Records from a data collection:
......

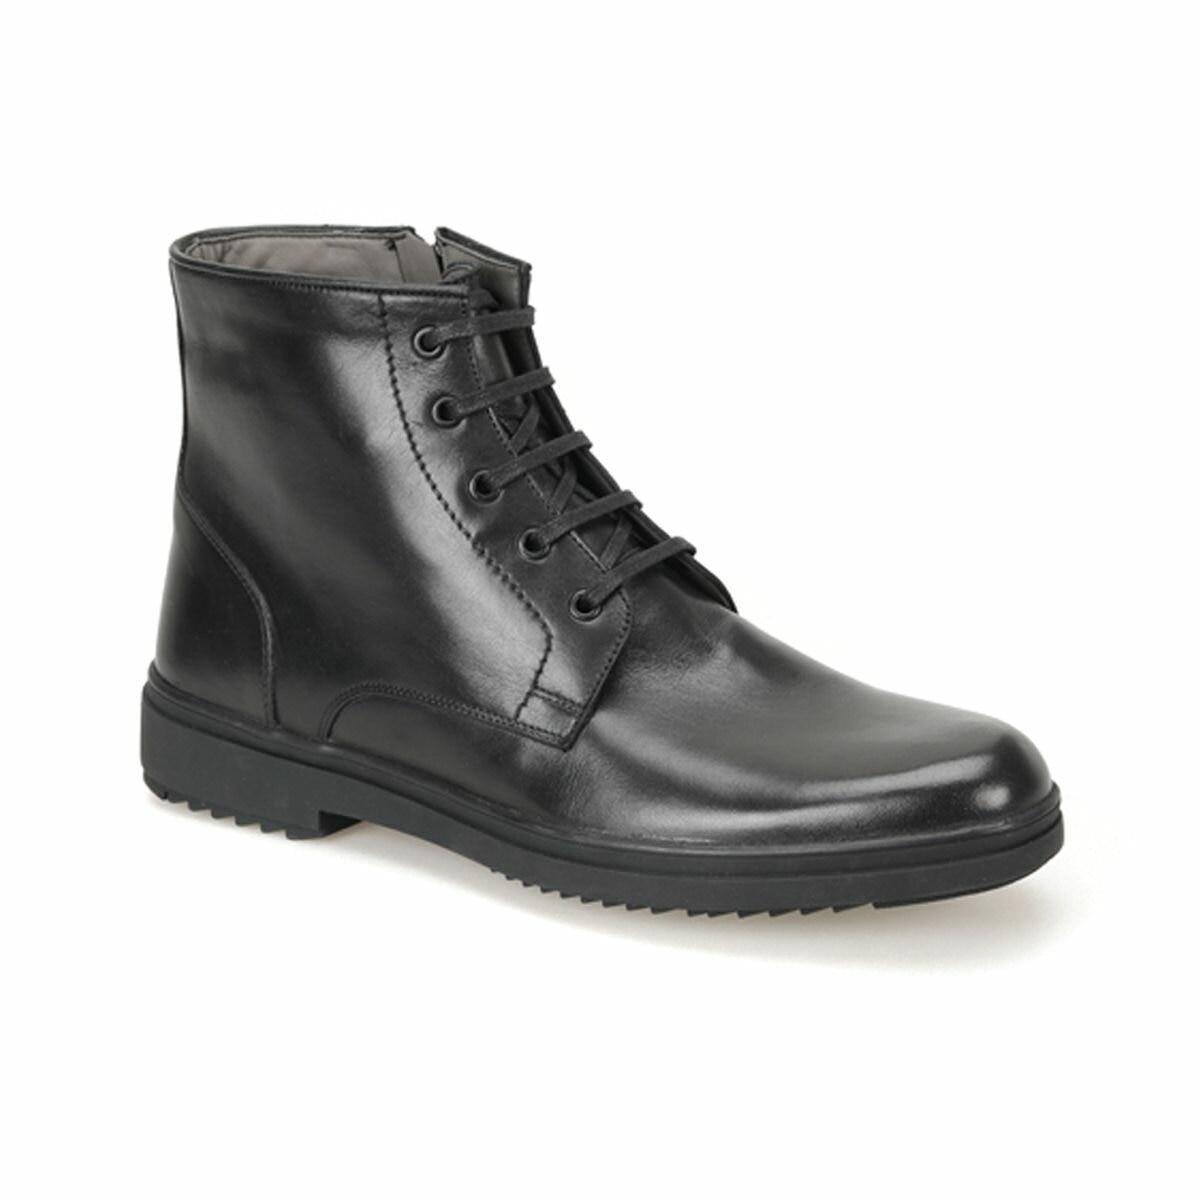 Flo KL-231-2 botas masculinas pretas flogart
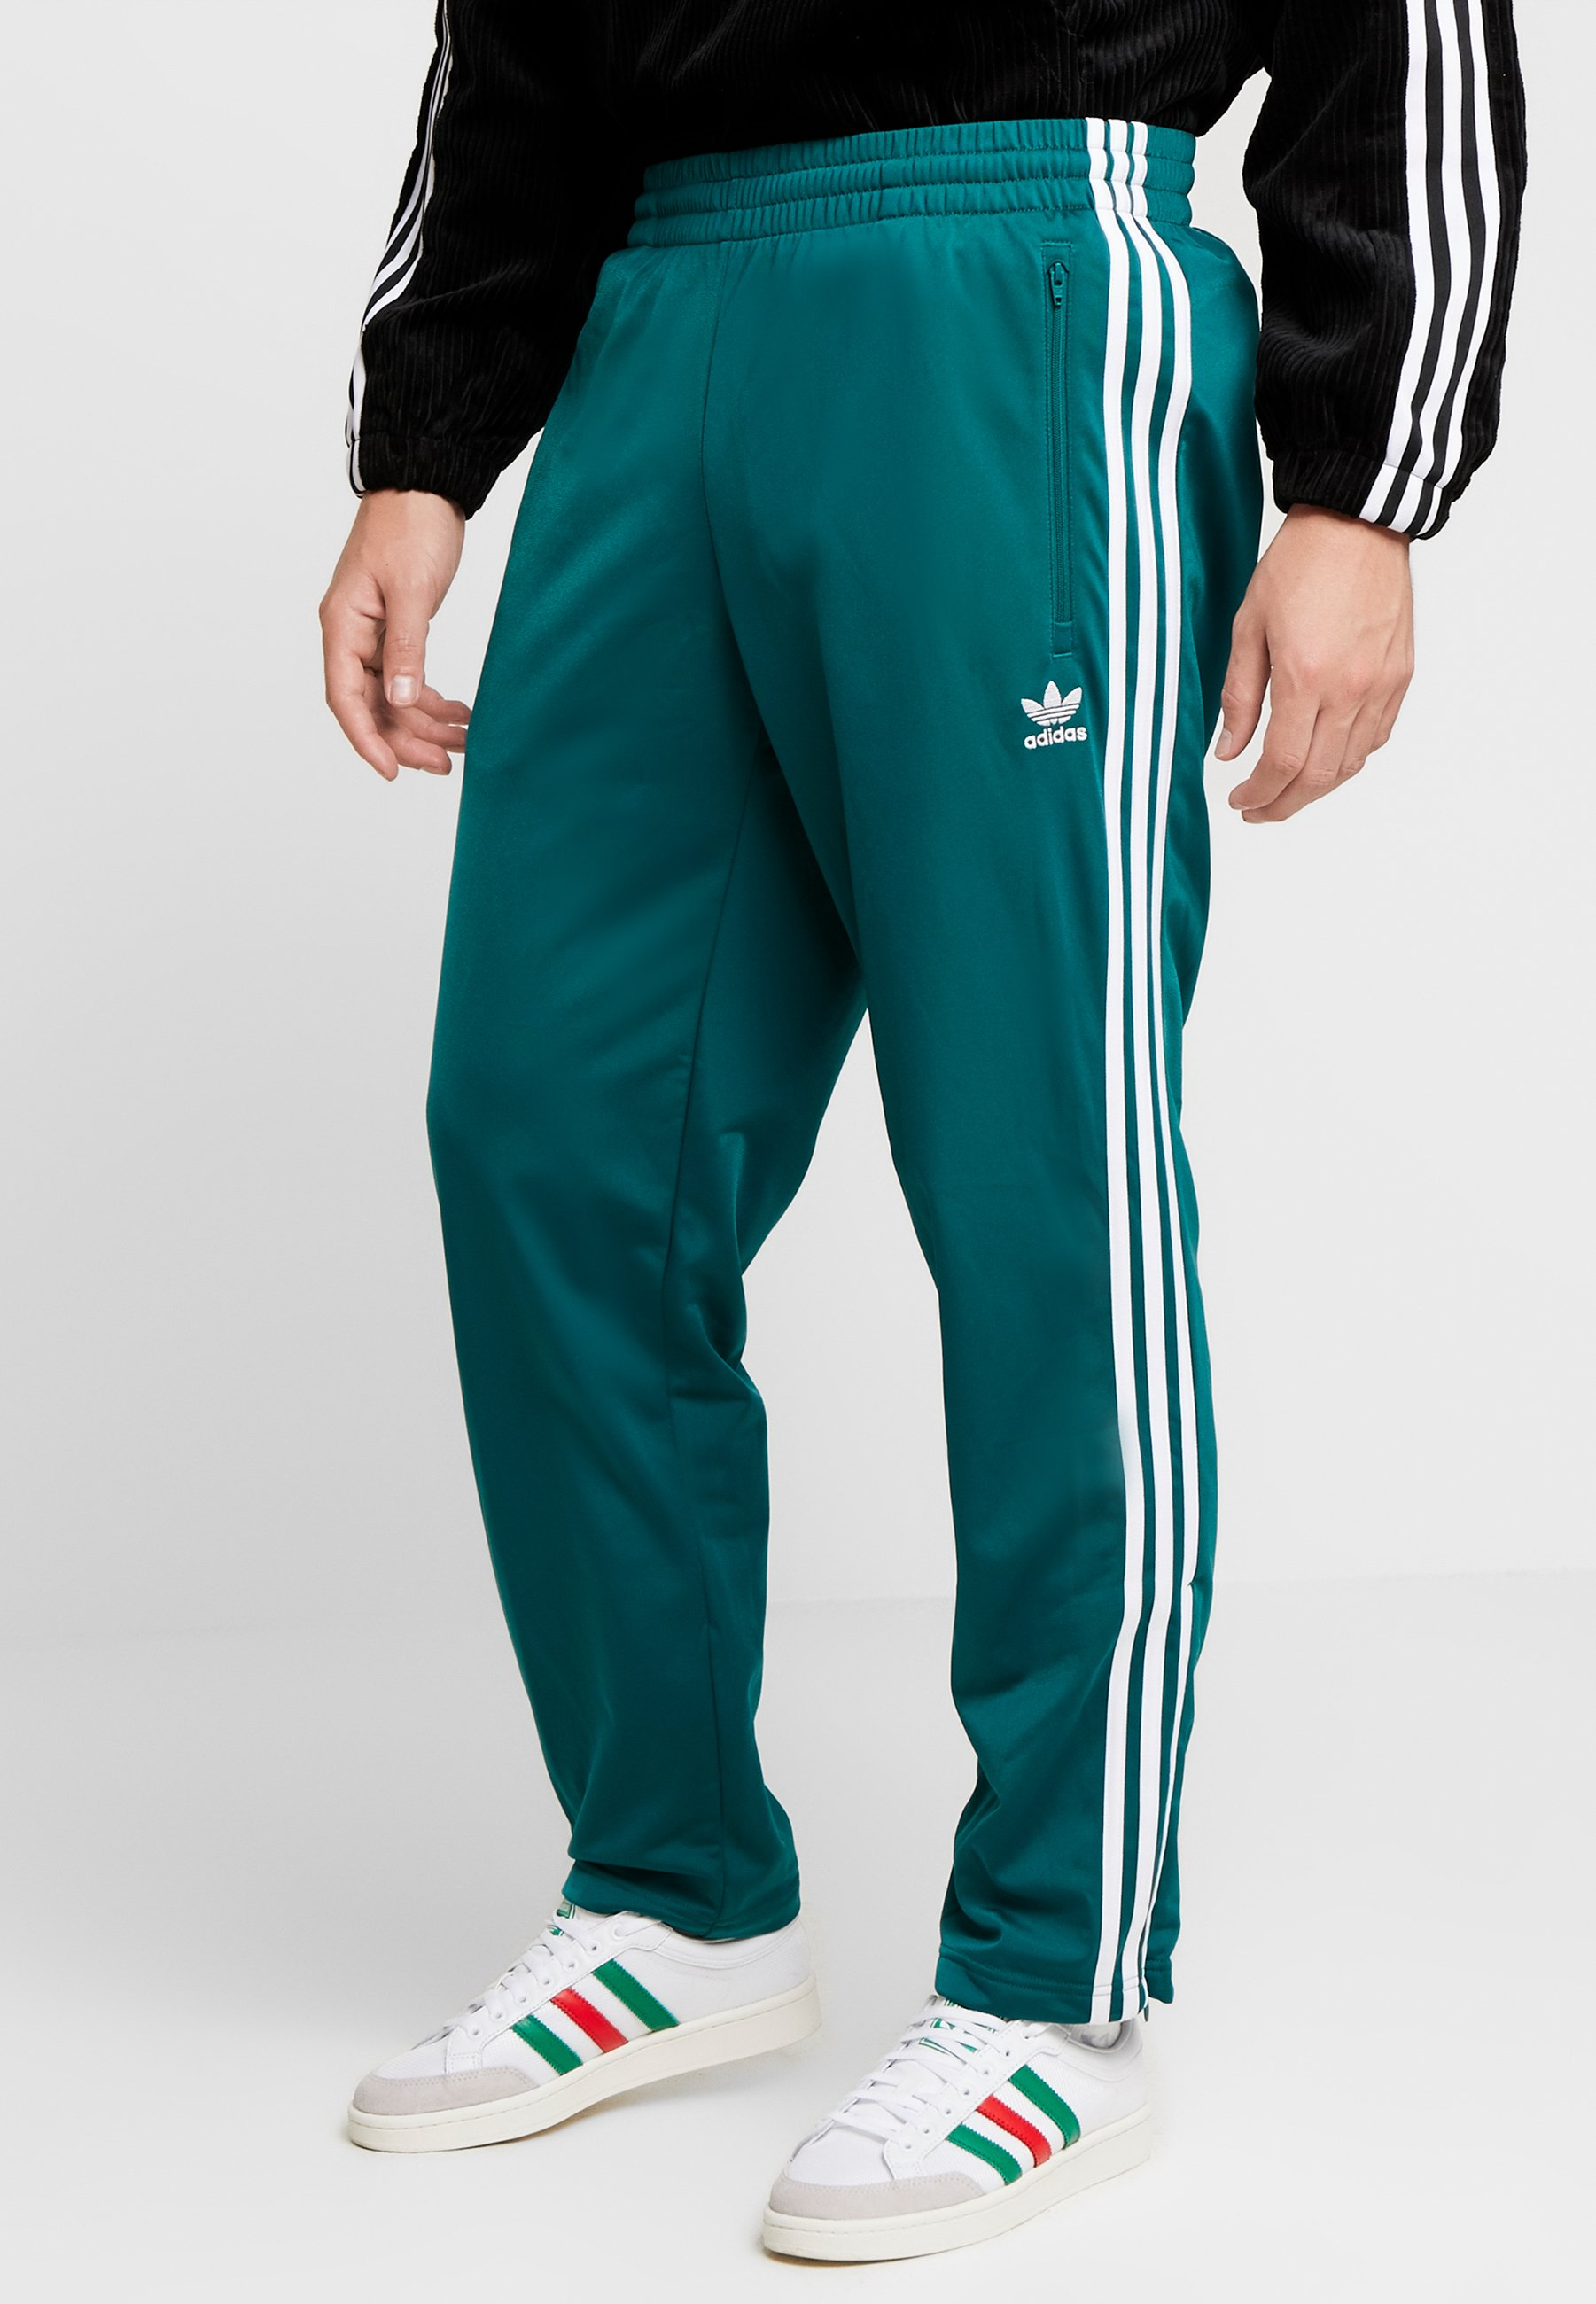 FIREBIRD ADICOLOR TRACK PANTS - Trainingsbroek - noble green
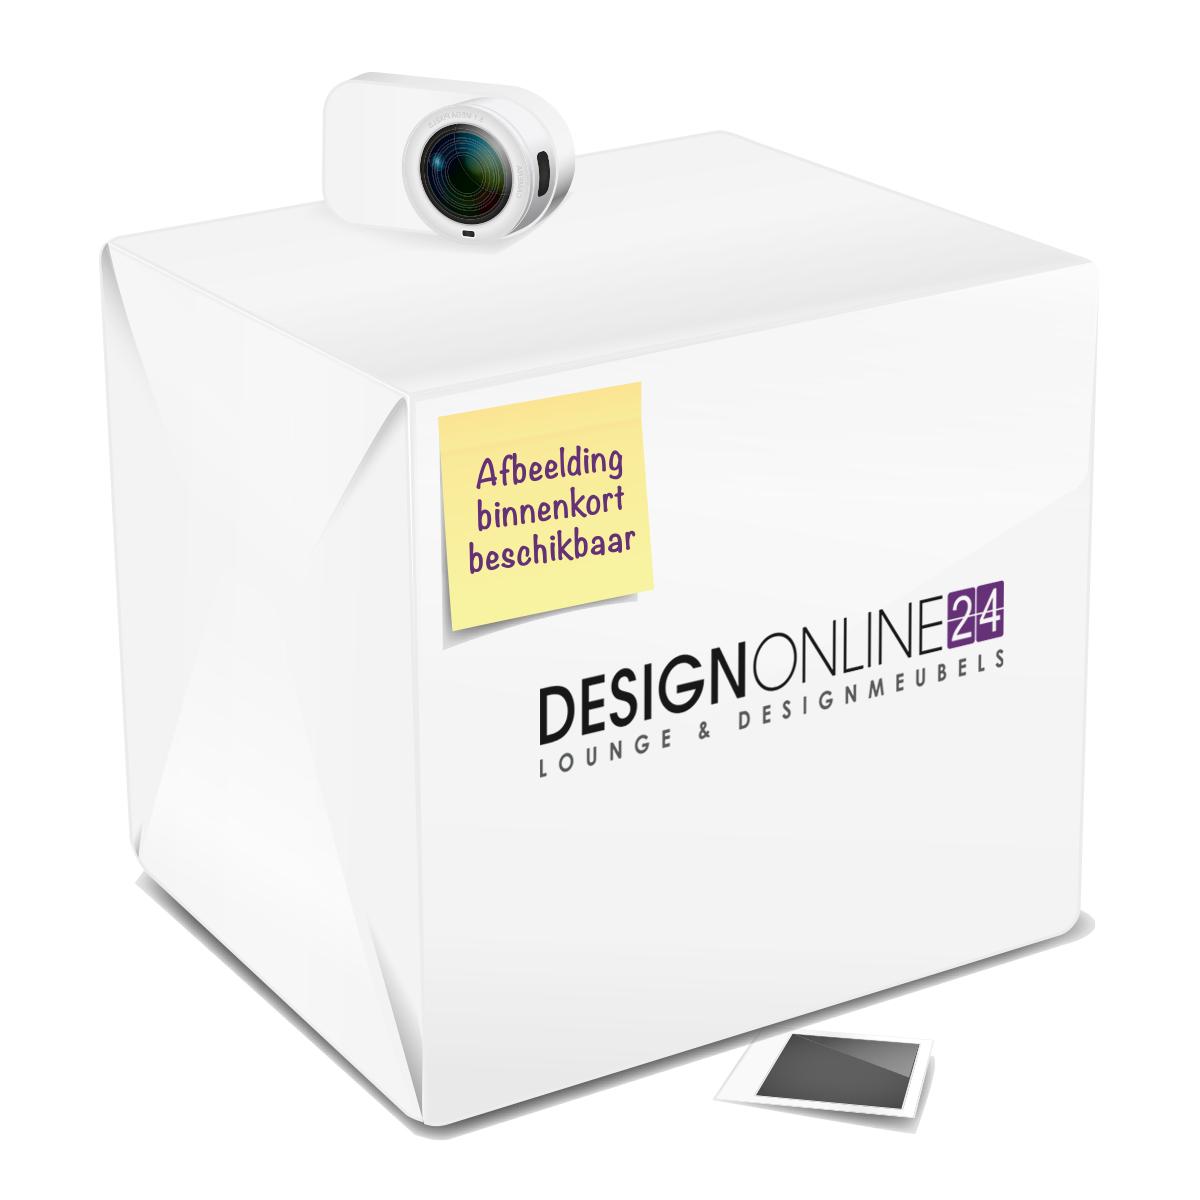 Tv Kast Donker Eikenhout.24designs Ottowa Dressoir Donker Eiken Designonline24
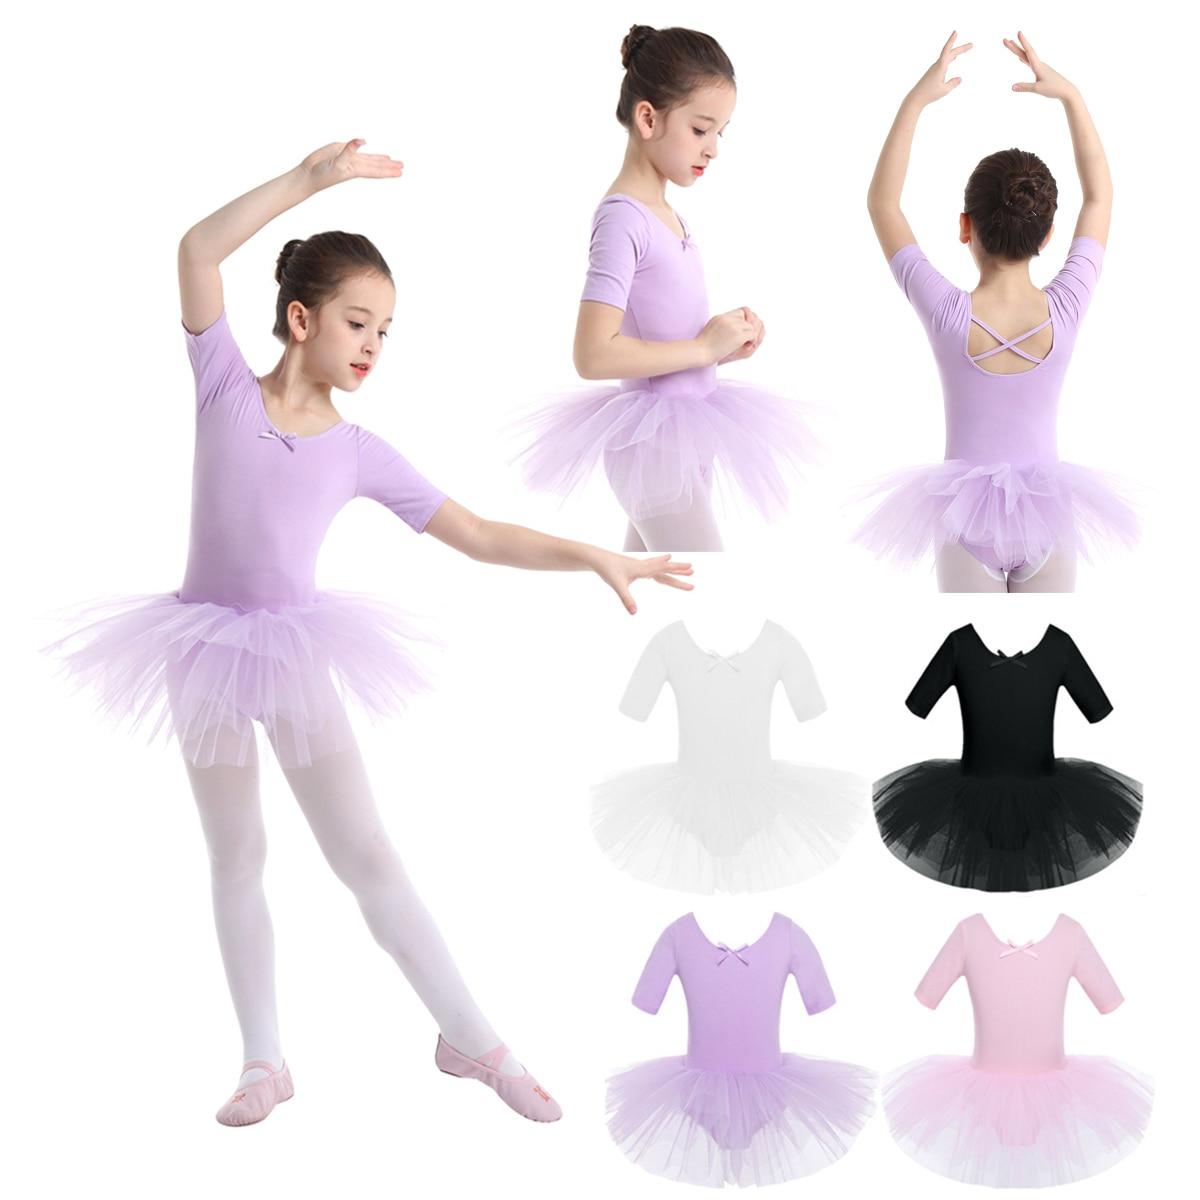 2-10 Years Kids Girls Dancewear Short Sleeve Cotton Tulle Ballet Dance Gymnastics Leotard Performance Tutu Dress Fast delivery
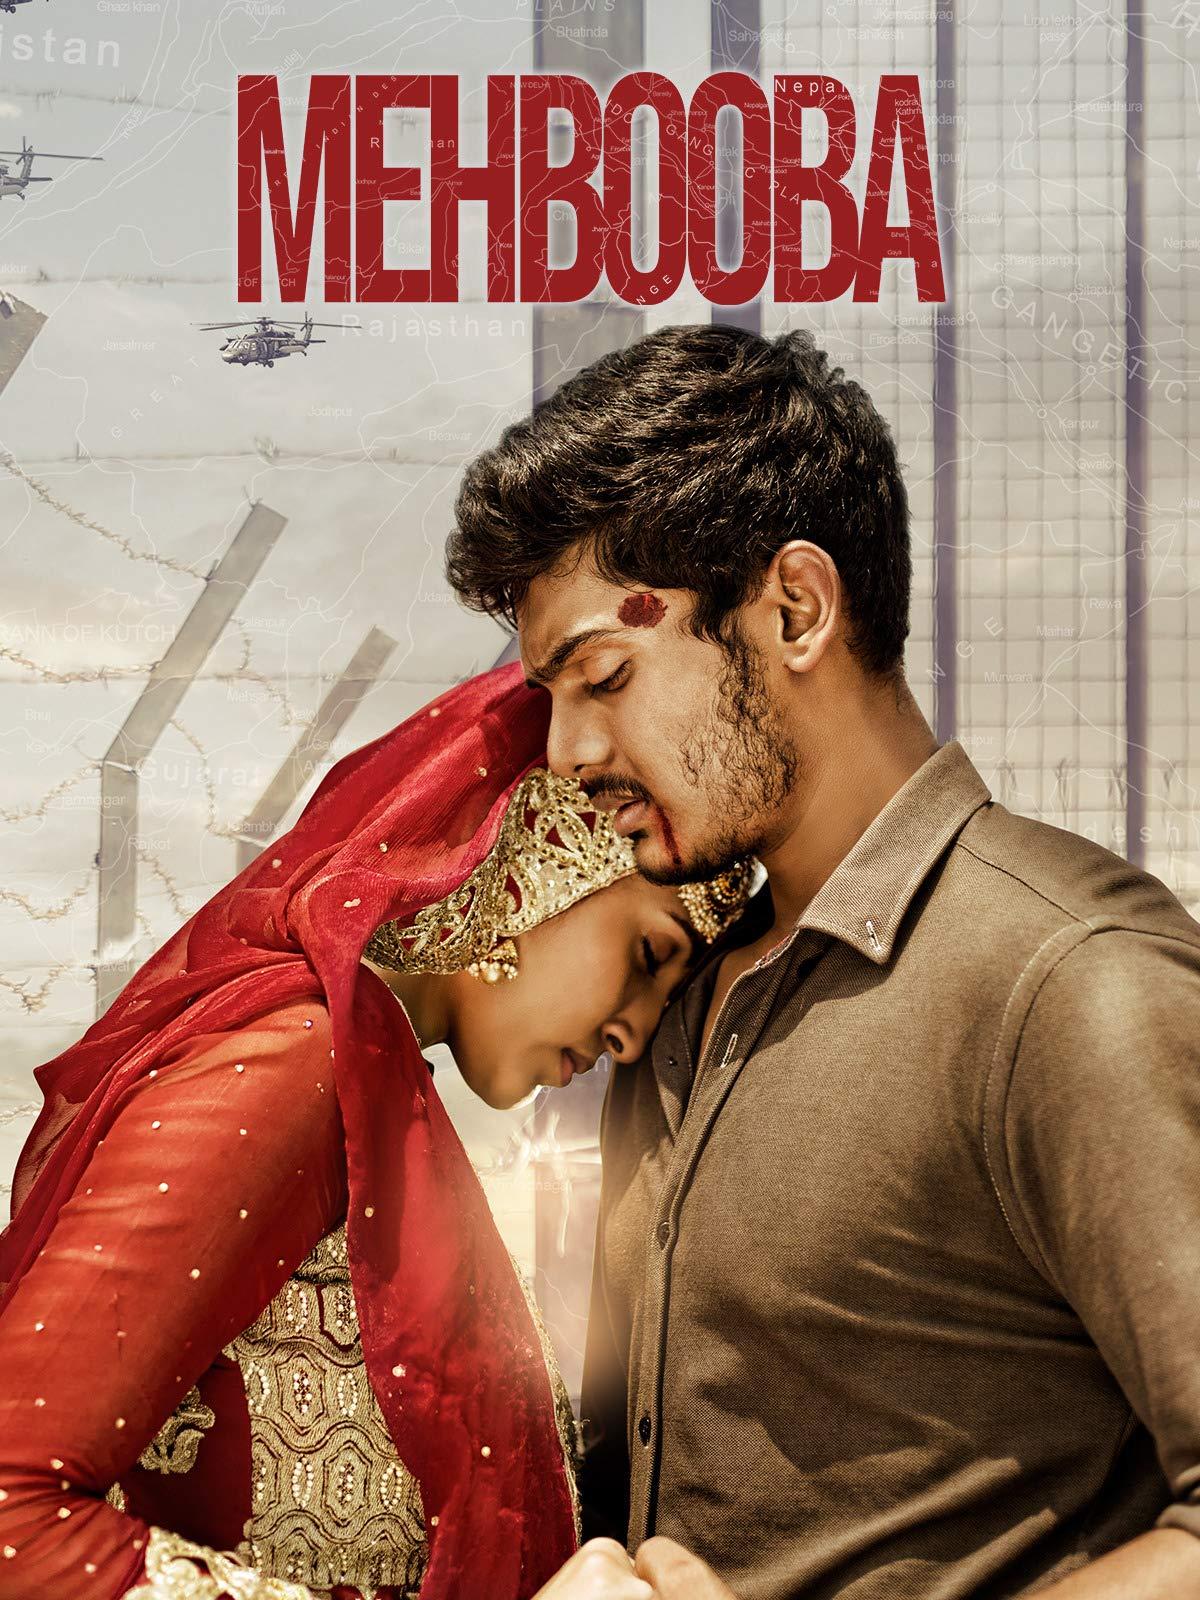 Mehbooba (2018) Hindi Dubbed HDRip 350MB Download

......

**Requirement**
When copying from the data above, begin at the line containing "FIREBIRD ADICOLOR TRACK" and end at the line containing "2-10 Years Kids"; return those lines exactly and leave all pictures behind.

**Output of the task**
 FIREBIRD ADICOLOR TRACK PANTS - Trainingsbroek - noble green
 Tv Kast Donker Eikenhout.24designs Ottowa Dressoir Donker Eiken Designonline24
 2-10 Years Kids Girls Dancewear Short Sleeve Cotton Tulle Ballet Dance Gymnastics Leotard Performance Tutu Dress Fast delivery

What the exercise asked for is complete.